Melissa Jenkins swapped her LS4 for the PW5 and worked the early part of the day, showing the others what to do. Glyn Jackson completed a 50km triangle. Always a good discipline to fly a set task, rather than just meander. Best height for him of about 4500ft. Peter Cook showed our latest new-member-to-be – Stephen Watson that gliders can and do travel with several long glides. Better than a thousand words I would think. Les Sharp enjoyed a good flight and he, kindly, has written an account of it. Wish others would do that too.
Earlier, our Life Member from way back – John Spence—had a short flight with Les.
Being the first for the day, nothing was really going but John did enjoy the flight. The Twin not so easy to thermal as was the Blanik.

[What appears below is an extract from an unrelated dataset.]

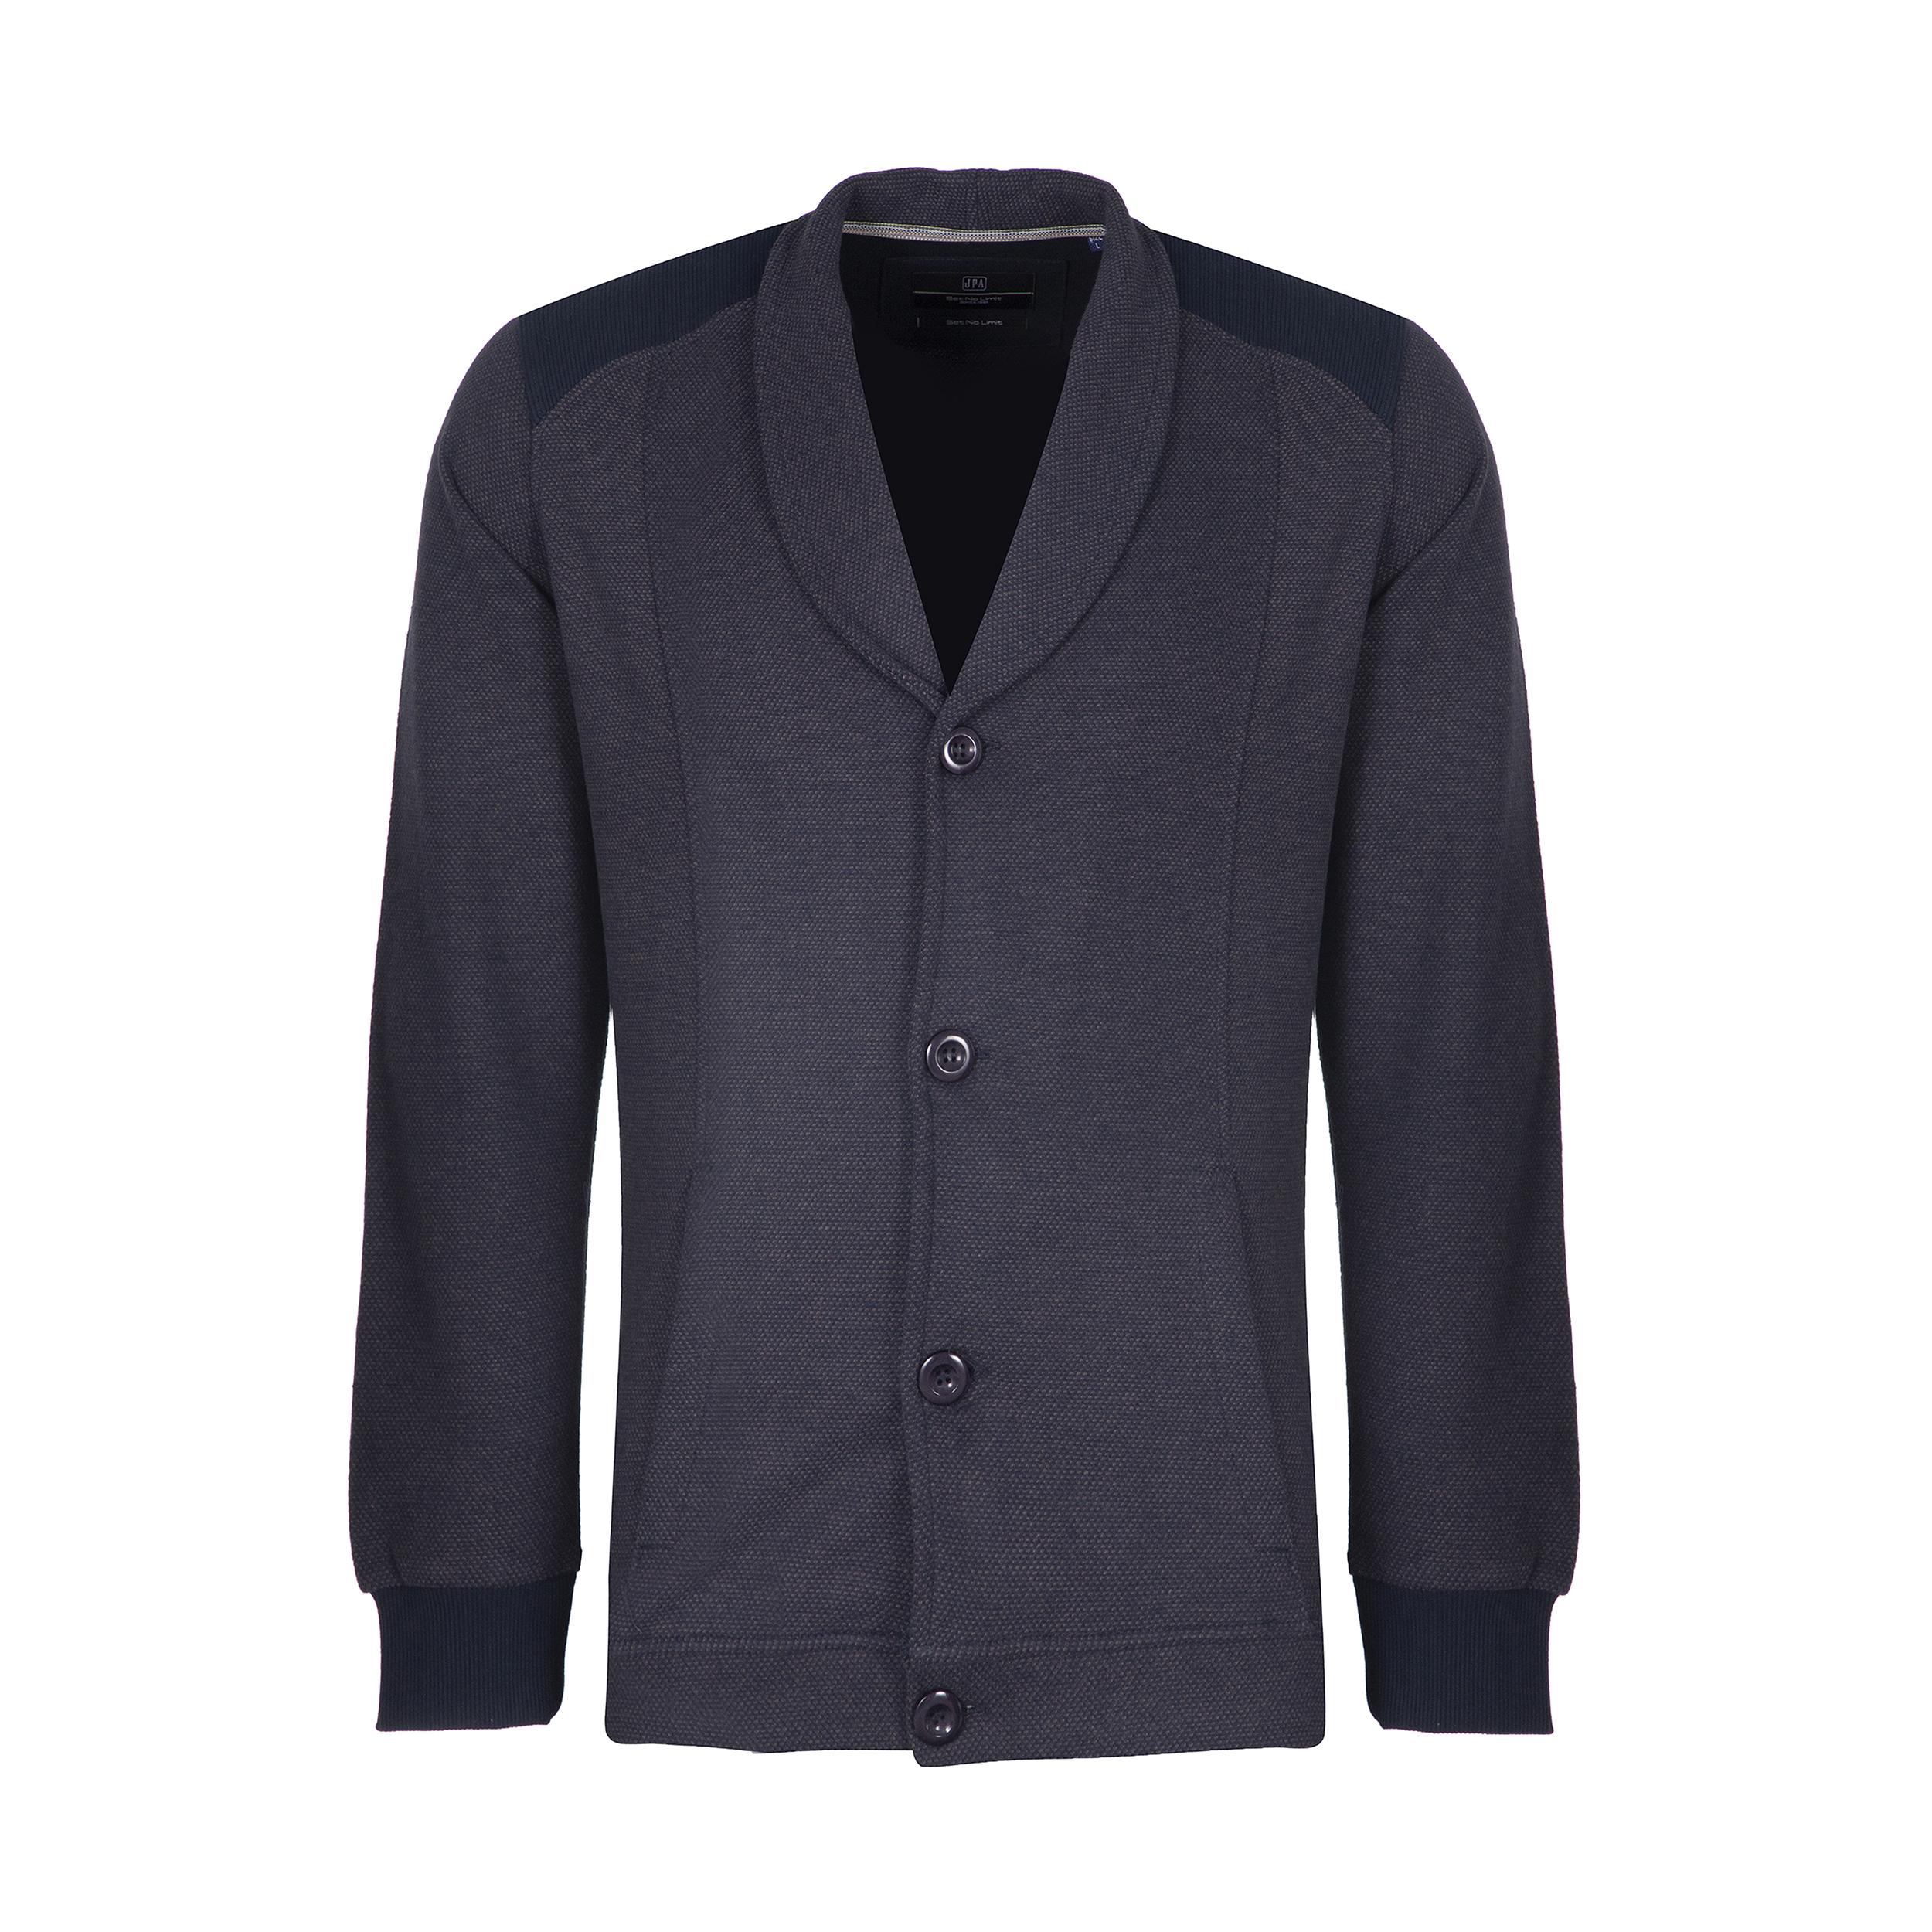 ژاکت مردانه جامه پوش آرا مدل 4581178152-36

Viv Davy back after her recess – attention to artistic endeavours. Much higher class than the mundane farming duties which I had to attend to. Dennis Green & Mitchell Hopkirk both had half hour flights or better.
Now, let’s hear from Les:
The day started with a high overcast blocking any development as well as a thin layer of stratus at about 3000’. As the morning progressed it started to clear.

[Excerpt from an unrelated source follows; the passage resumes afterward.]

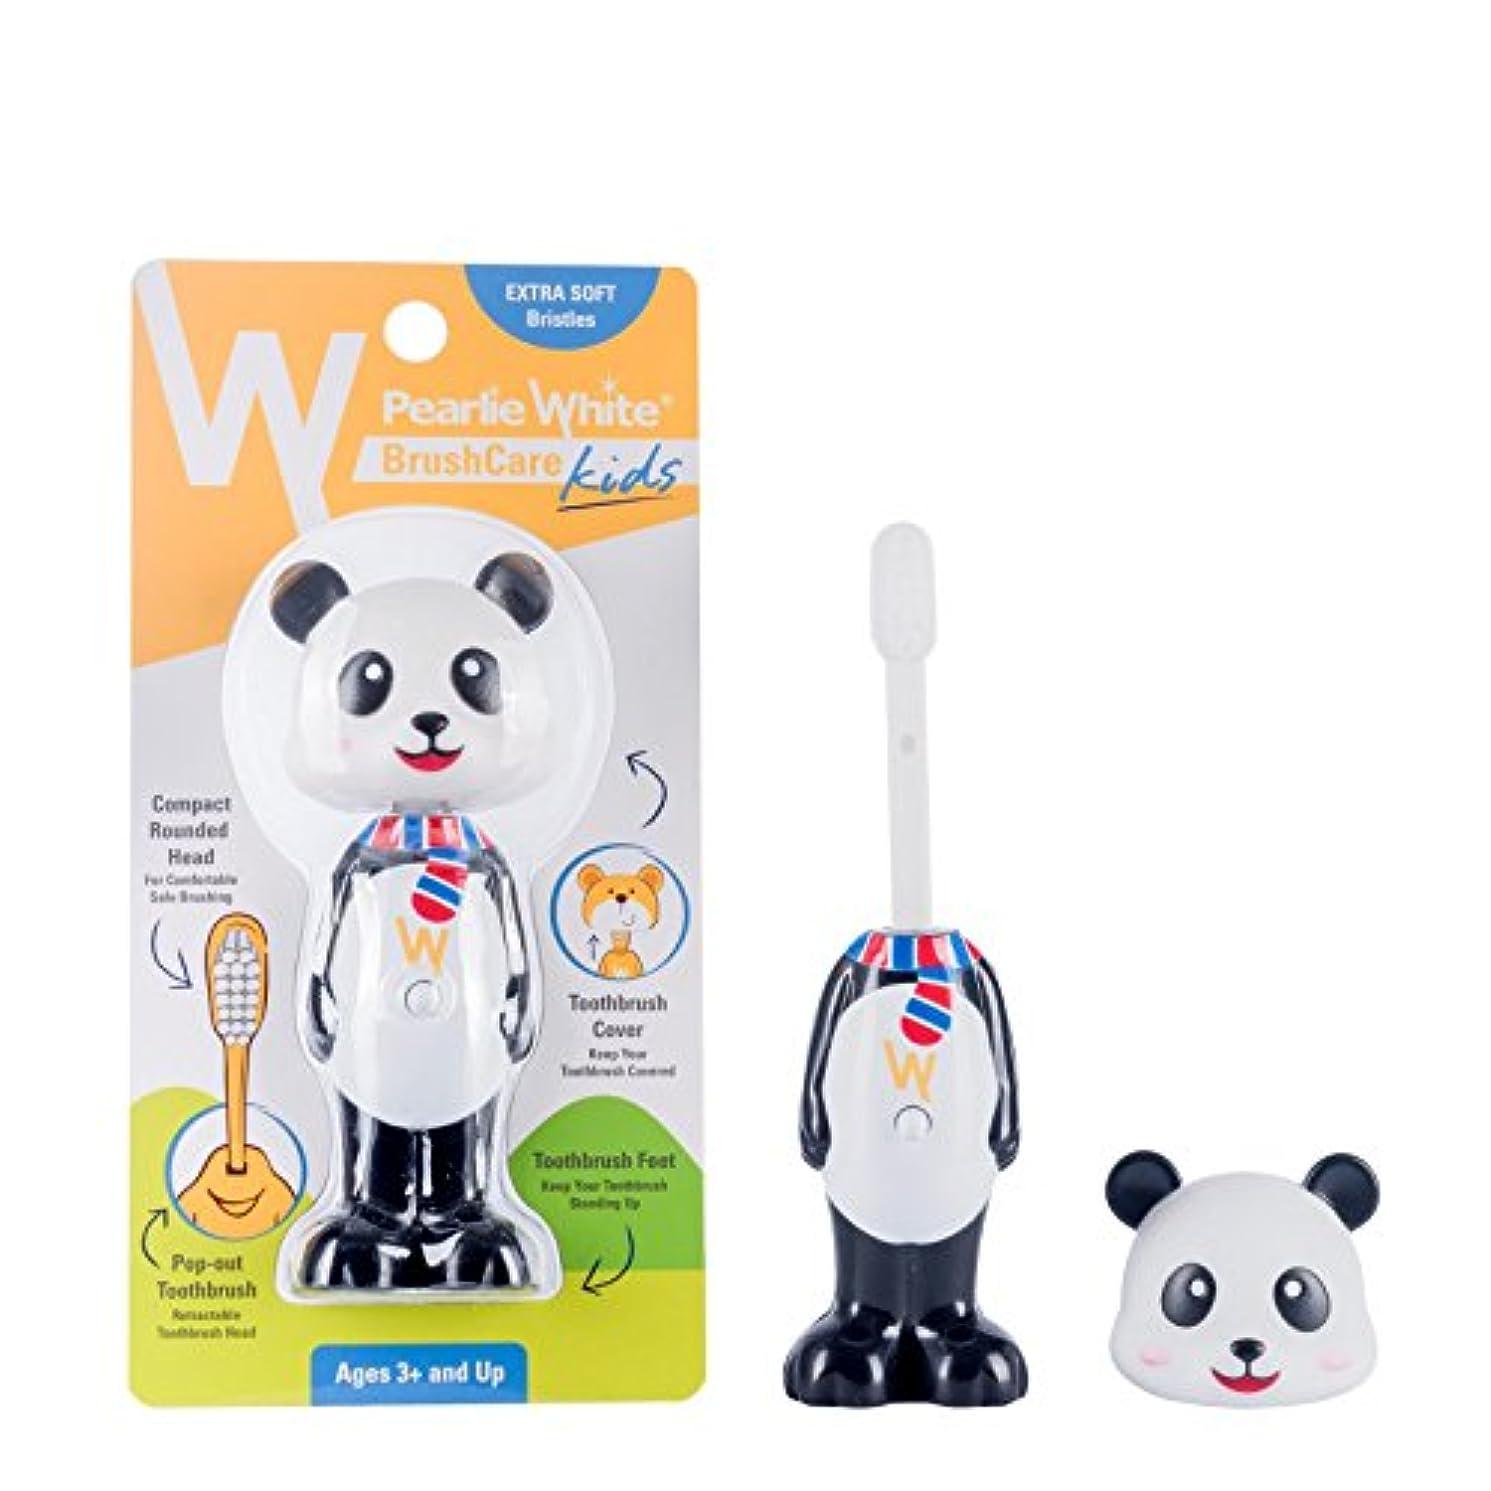 風が強い可愛いスキャンPearlie White(パーリーホワイト) ブラシケア キッズ PANDA(パンダ) (1本)

Dennis Green was first in the queue, but wanted more than a sled ride so John Spence got the first flight in WZ with me in the back seat. I didn’t have to do much at all and John even managed to gain some height in a weak thermal, enough to get 20 minutes total. After several years spent flying radio controlled models, there wasn’t much rust evident.
Next up was Viv Davy for some thermalling and a circuit. Again it came to 20 minutes in conditions that felt more like rotor than thermal.
Following a break while the private owners launched it was Dennis Green’s turn. Dennis did most of the work and managed 37 minutes in some quite good conditions provided one could stay high enough.
Peter Cook took over WZ for a trial flight, but John Tullet kindly offered for me to fly DN. I towed to 3500’ and the likely looking clouds nearby weren’t so good, but I found a thermal when I was down to about 3000’ and ended up under a convergence line at around 4300’ heading west from over the power station to the west of Stratford township having to push the speed up to about 70mph* to stay out of the cloud on the first run. It was about then I looked down to see a Discus, a Ventus and a Twin Astir all below me (didn’t last, but I was above them!). The rain out to the north and east hadn’t moved in to kill the day, but it did end quite quickly around 1700 hours and in the space of about 10 minutes the fleet was back on the ground. I had had an hour of fun flying in the K7.
Thanks John for trusting me to fly DN again and not land somewhere else!
*Didn’t know DN could go that fast. Ed.
Melissa Jenkins took this. The other glider maybe is WZ. The convergence line quite obvious as is the upper level alto-stratus indicating the moisture present. The day gave way to showers later on.
This is what you see as you join another glider's thermal.
Another glider in the thermal. It was a good day.